If PiMass-to-charge ratio add m not to be PjMass-to-charge ratio or Pi、PjUseful signal cannot be can be regarded as, or the i judged is differed
In n, then+1 peak of jth being judged, if j-th of peak is not more than n, continuing to judge, if j-th of peak is greater than n, converting i is i+1, j
For i+1, P is further judgediMass-to-charge ratio add whether m is PjMass-to-charge ratio;
If Pi、PjUseful signal, but P can be can be regarded asjAppearance time in the spectrogram that the ECD testing result of shunting obtains not
In the presence of the P with same appearance timexPeak or Pj、PxUseful signal can not be can be regarded as, then i is judged, if i is not last
A peak then carries out Pj+1Multilevel iudge.

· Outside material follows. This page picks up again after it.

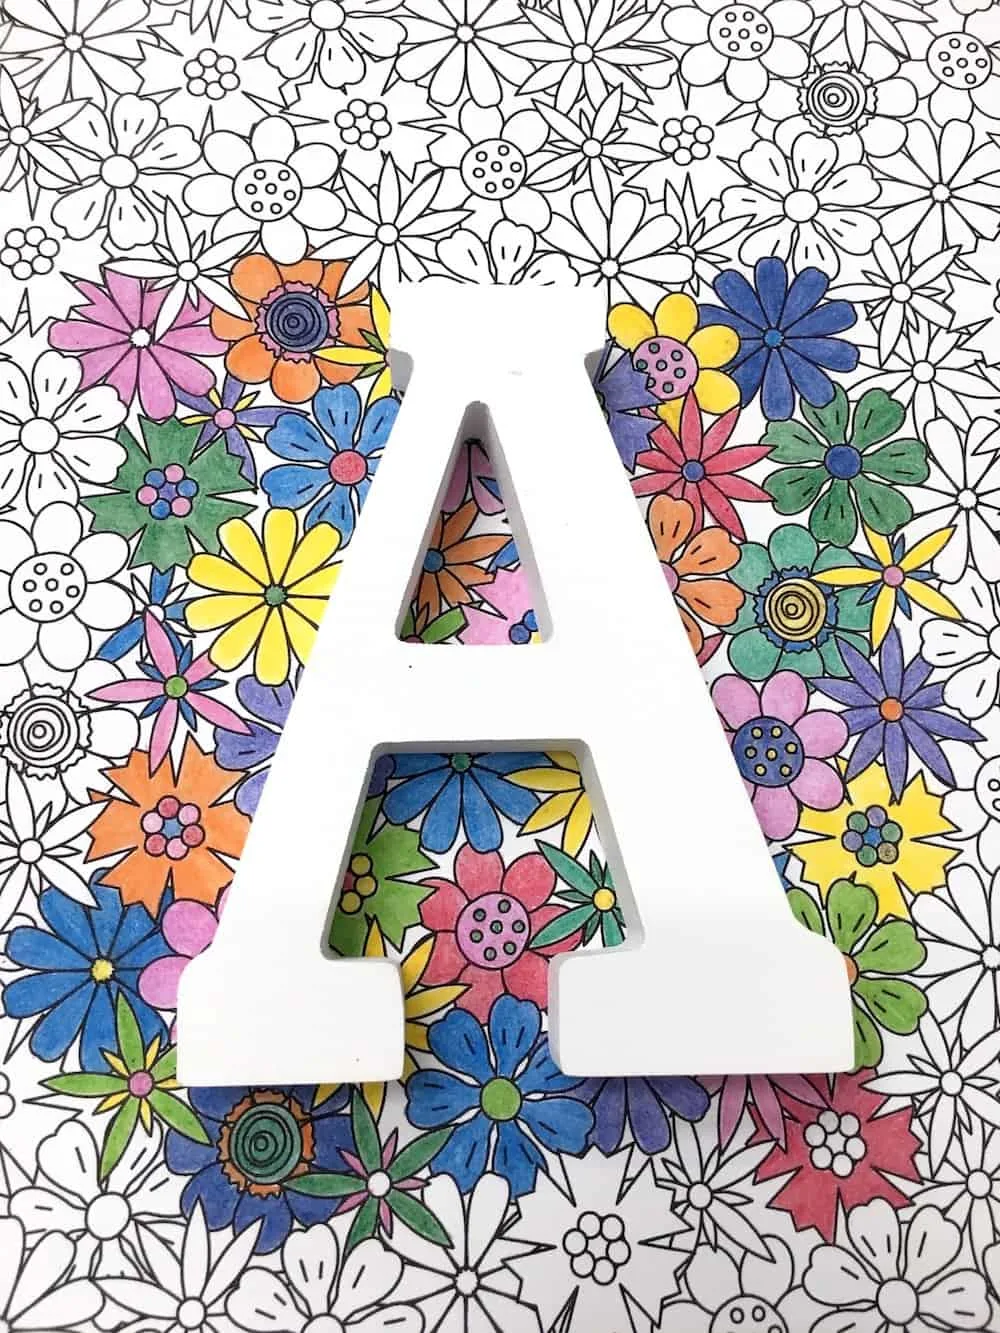 White wood letter A placed over the top of the coloring page

Step 5: in conjunction with the organic chloride, organic bromide, nitro substituent filtered out in step 4, composing library with NIST
It is compared, Lai Jianding unknown materials component.
Example
Universal method: the solid phase of modified polystyrene-divinylbenzene filler solid-phase extraction column and active carbon filler extraction
Column is taken to connect.The solid-phase extraction column that non-loading is successively eluted with methylene chloride, acetone and methanol solvate, it is living with methanol and ultrapure water
Change solid-phase extraction column;After water sample extraction, the Solid Phase Extraction of organic matter has successively been adsorbed with methanol, acetone and dichloromethane eluent
Column;Nitrogen is carried out to the eluent after Solid Phase Extraction to blow, until being completely dried, is dissolved in the organic solvents such as n-hexane, methylene chloride.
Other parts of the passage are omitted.